● **Data below**
******************************

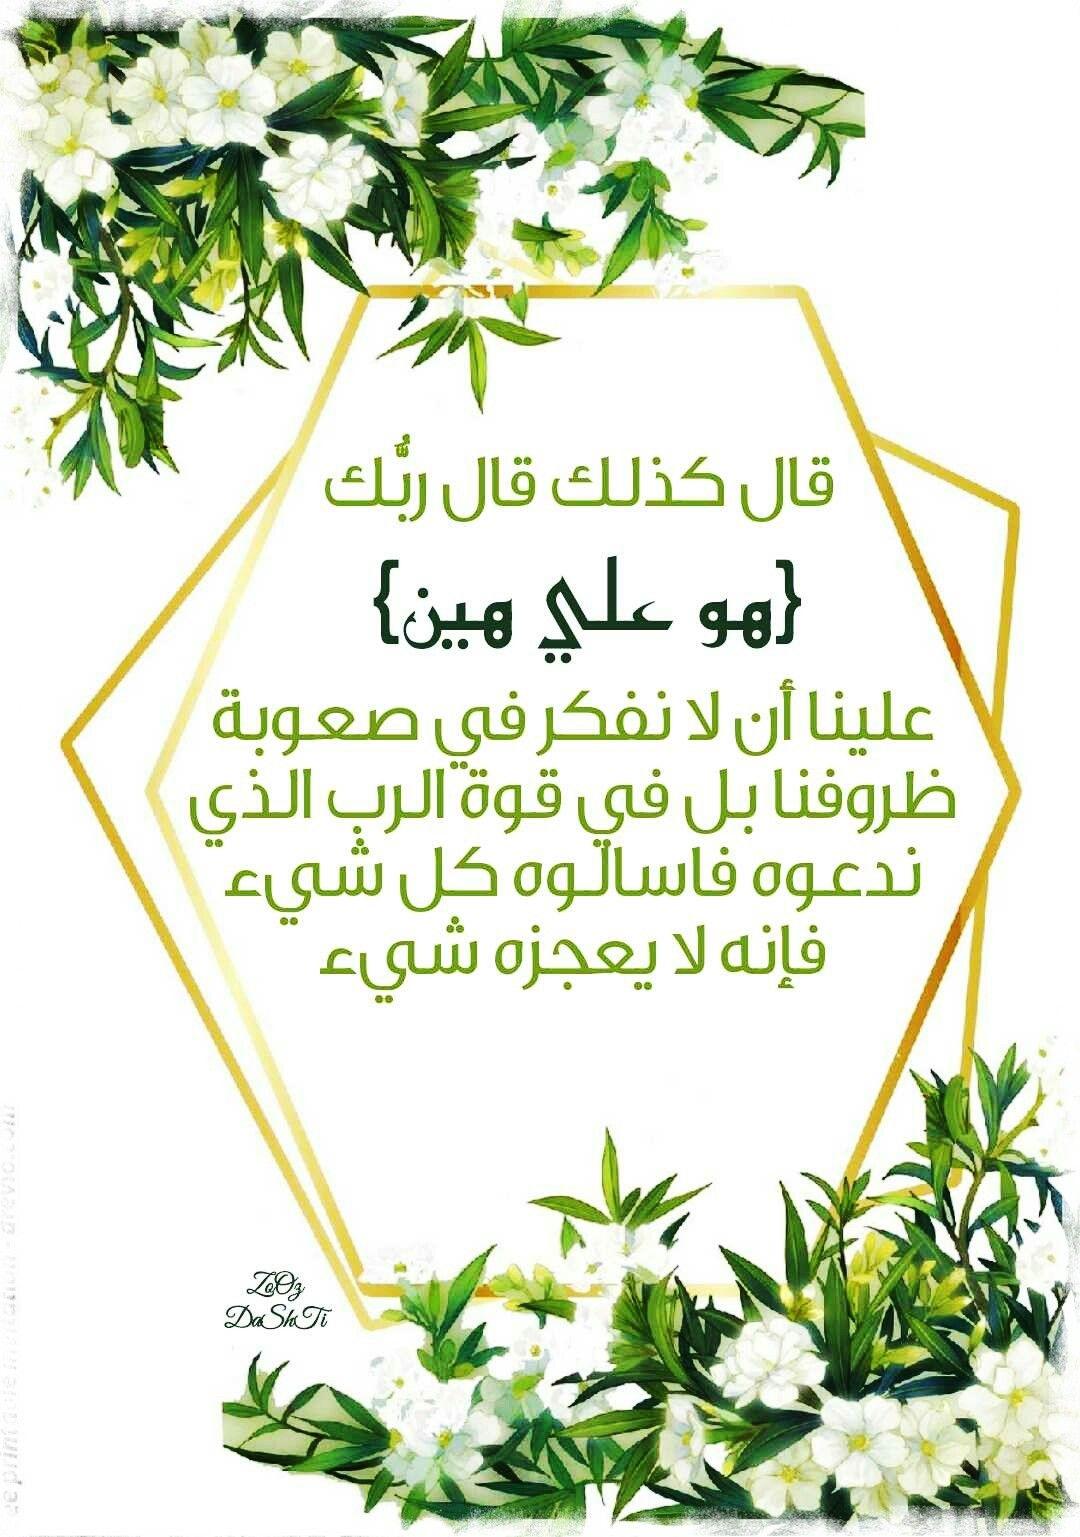 صباح التوكل على الله Instagram Posts Good Morning Greetings Instagram
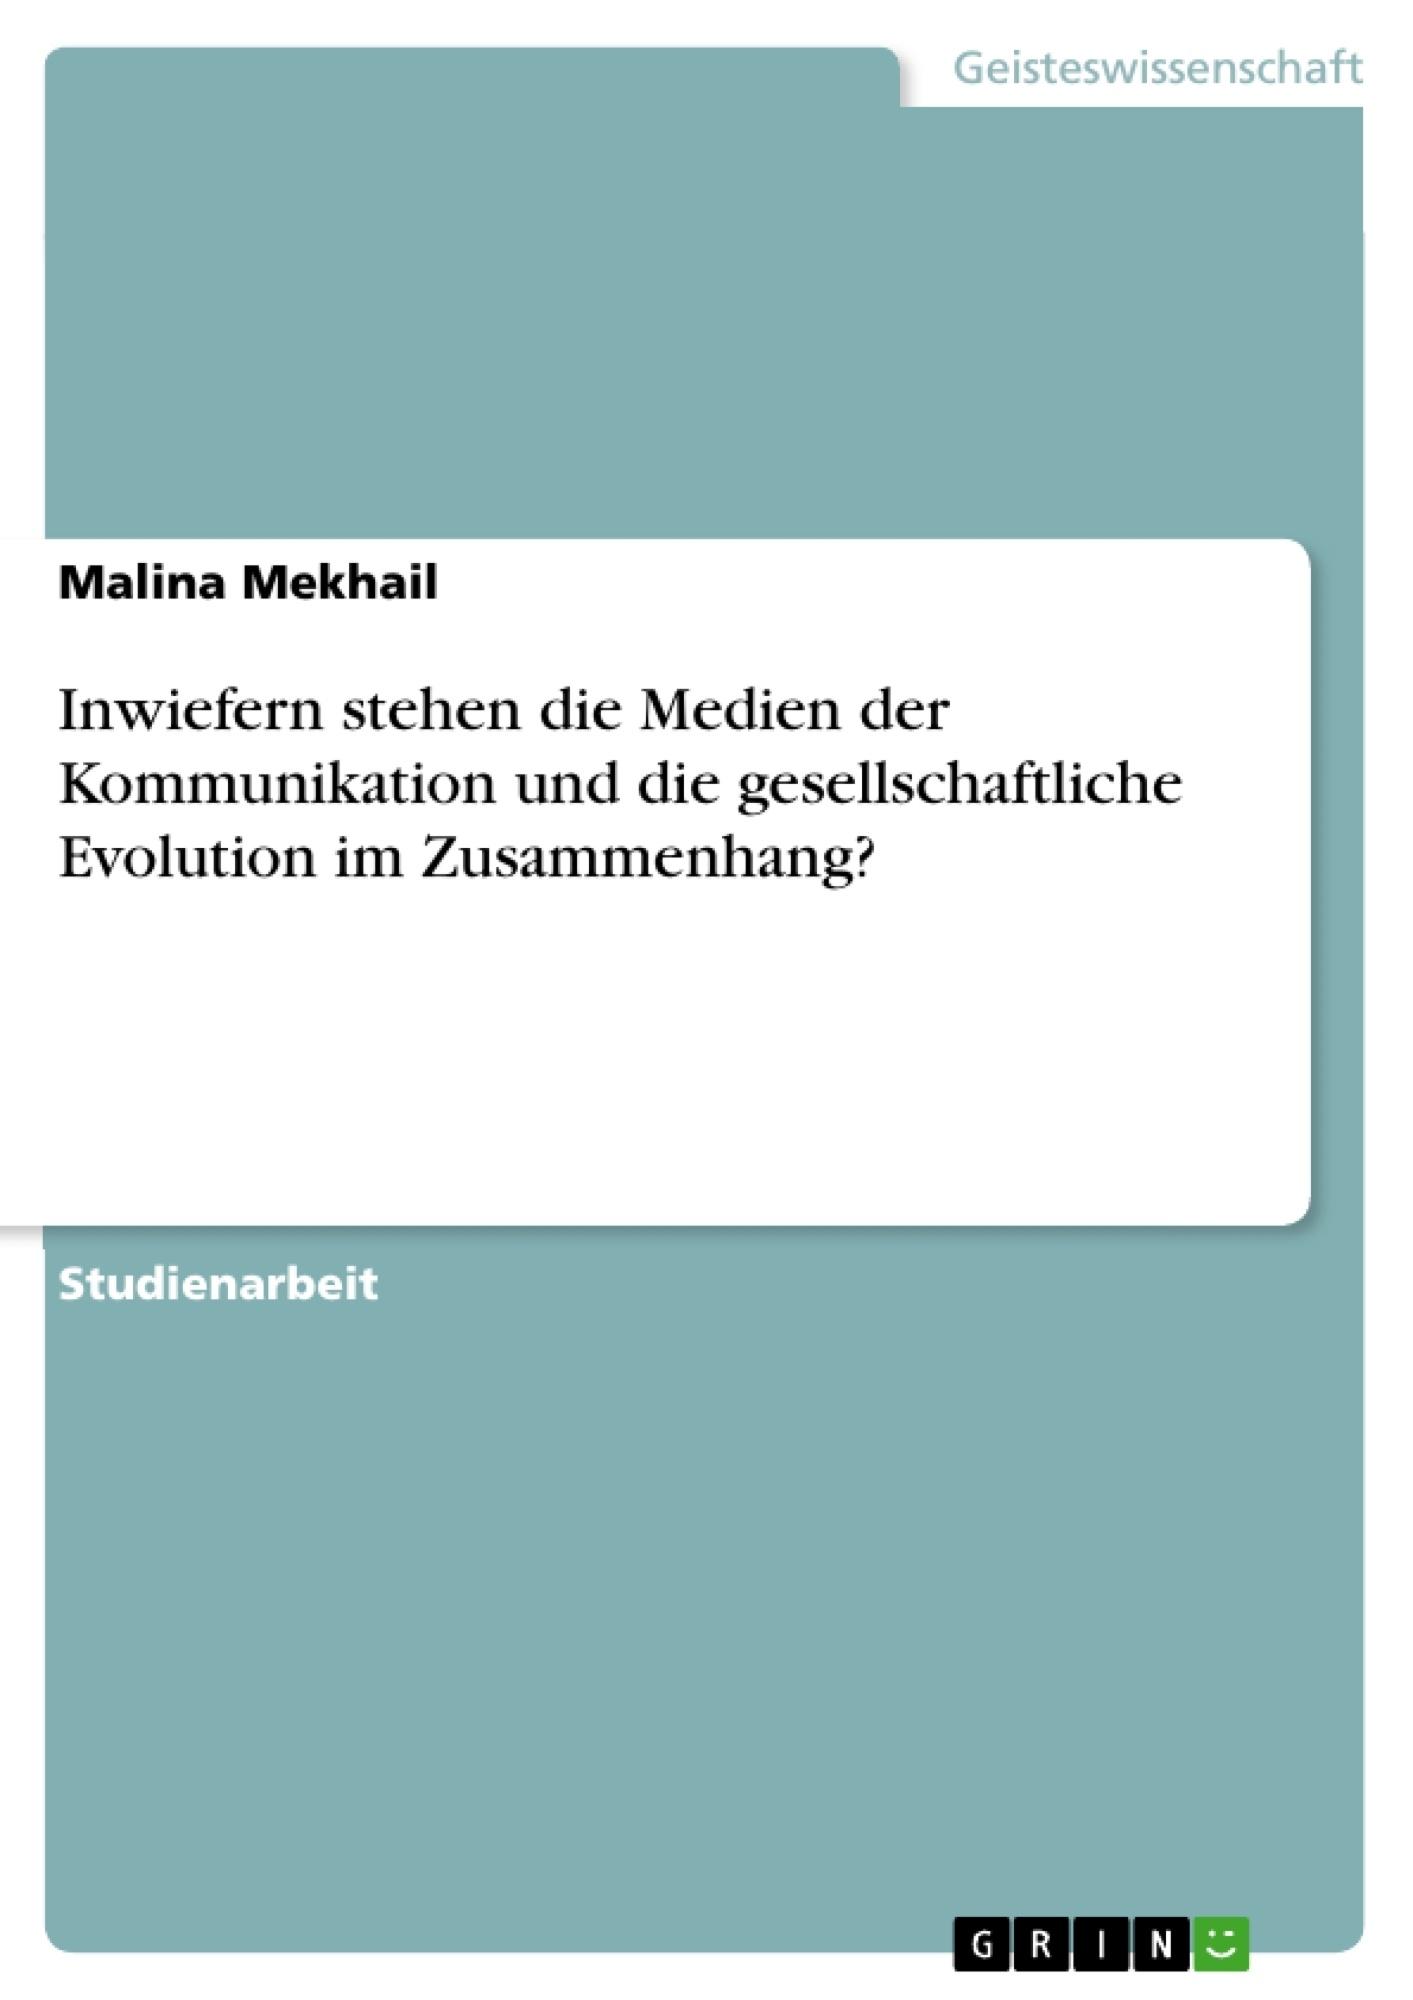 Titel: Inwiefern stehen die Medien der Kommunikation und die gesellschaftliche Evolution im Zusammenhang?
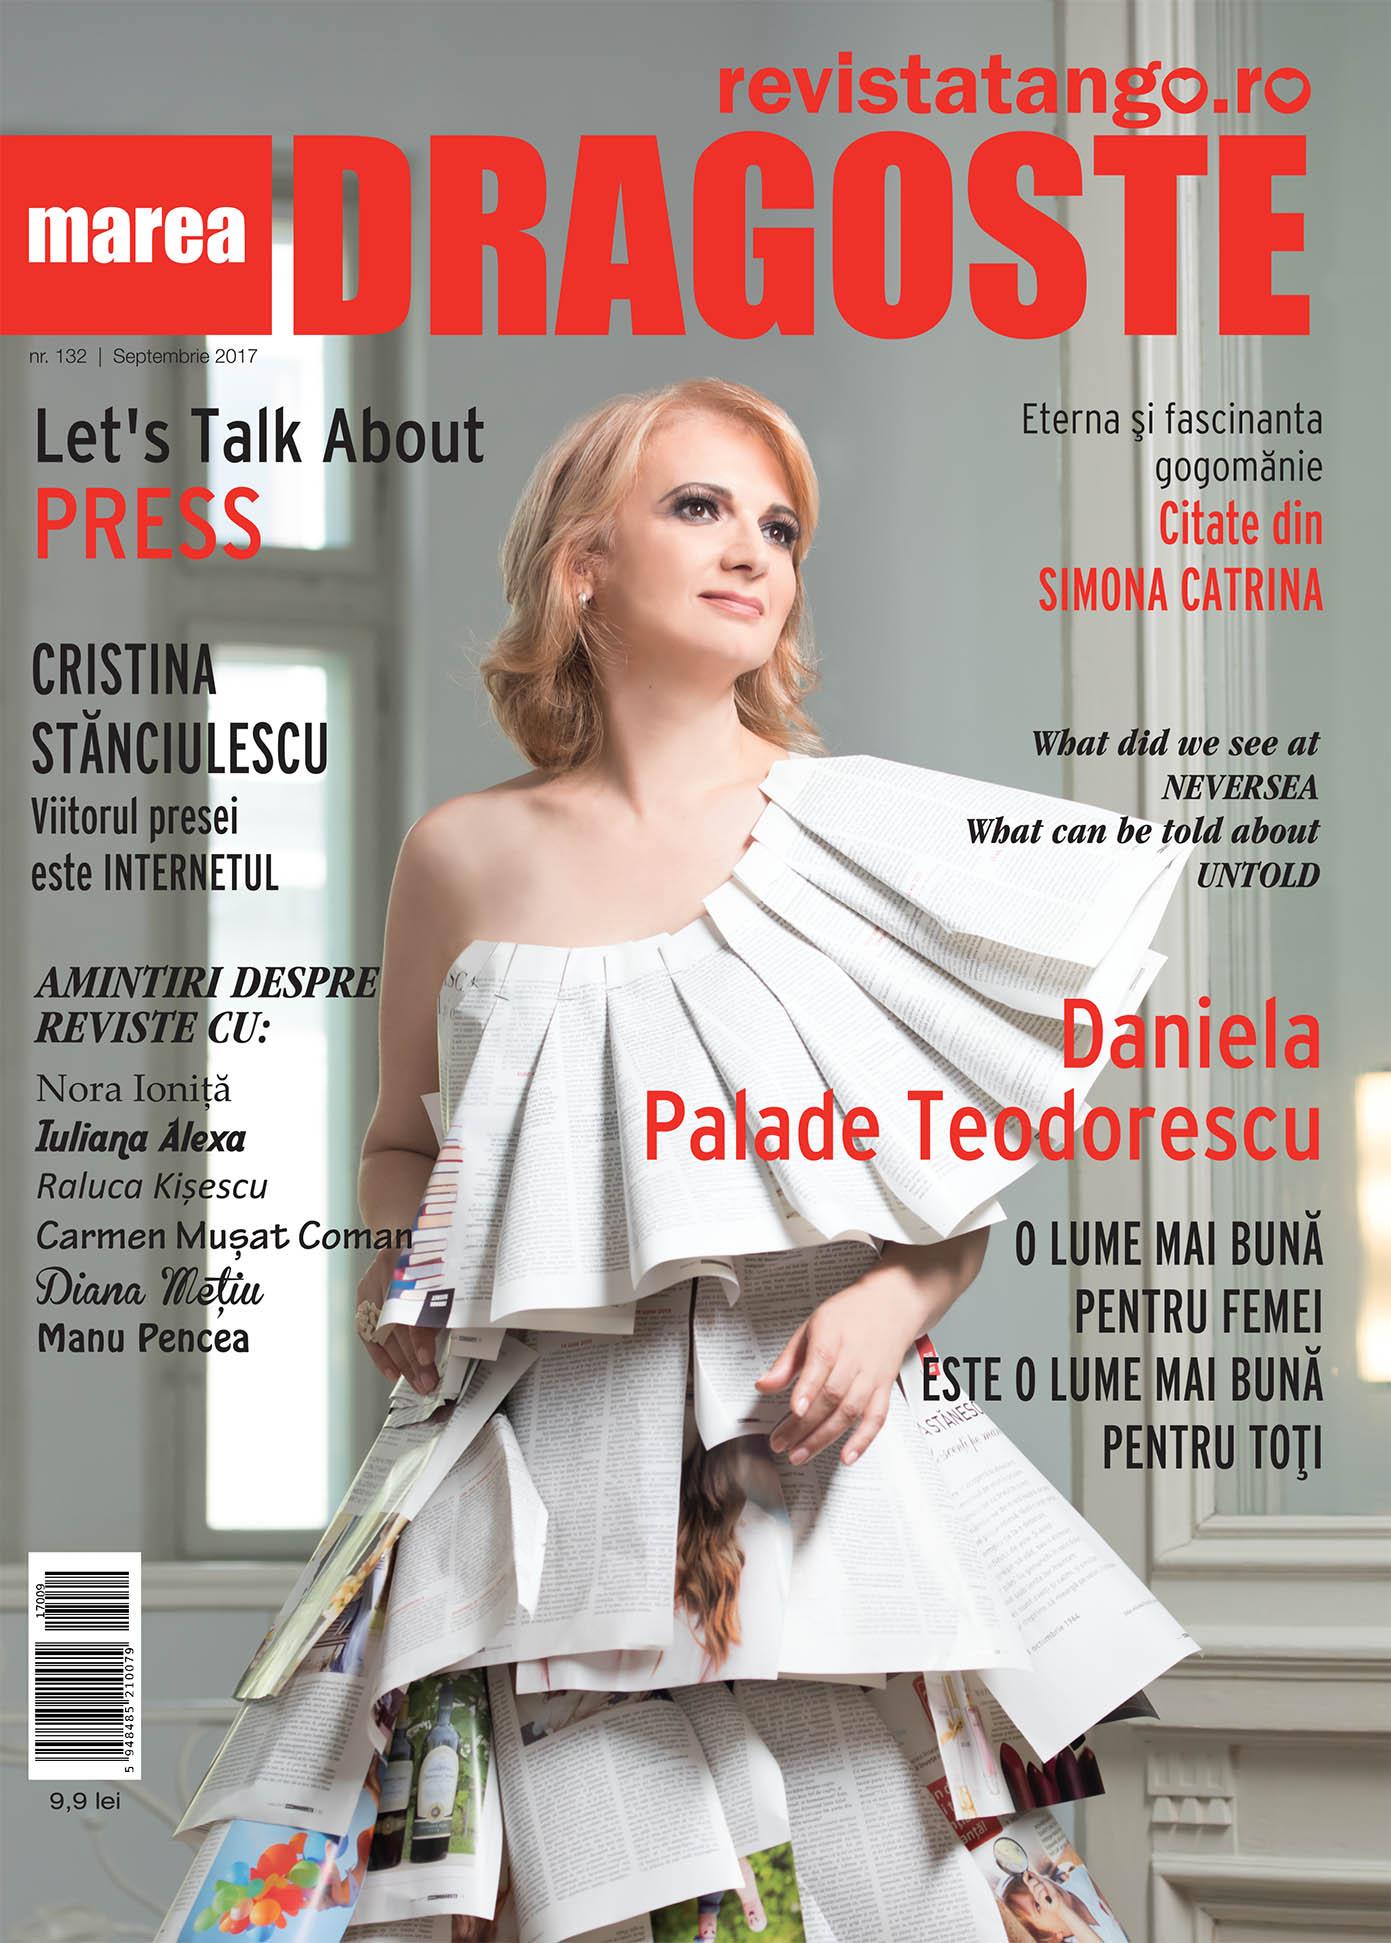 Daniela Palade Teodorescu pe coperta Marea Dragoste-revistatango.ro, nr. 132, septembrie 2017

******************************

● **Directions for this task**
With the pictures excluded, retype exactly the lines from the one containing "Titel: Inwiefern stehen" through the last line of the listing, both ends included.

● **Solution to the problem**
 Titel: Inwiefern stehen die Medien der Kommunikation und die gesellschaftliche Evolution im Zusammenhang?
 Daniela Palade Teodorescu pe coperta Marea Dragoste-revistatango.ro, nr. 132, septembrie 2017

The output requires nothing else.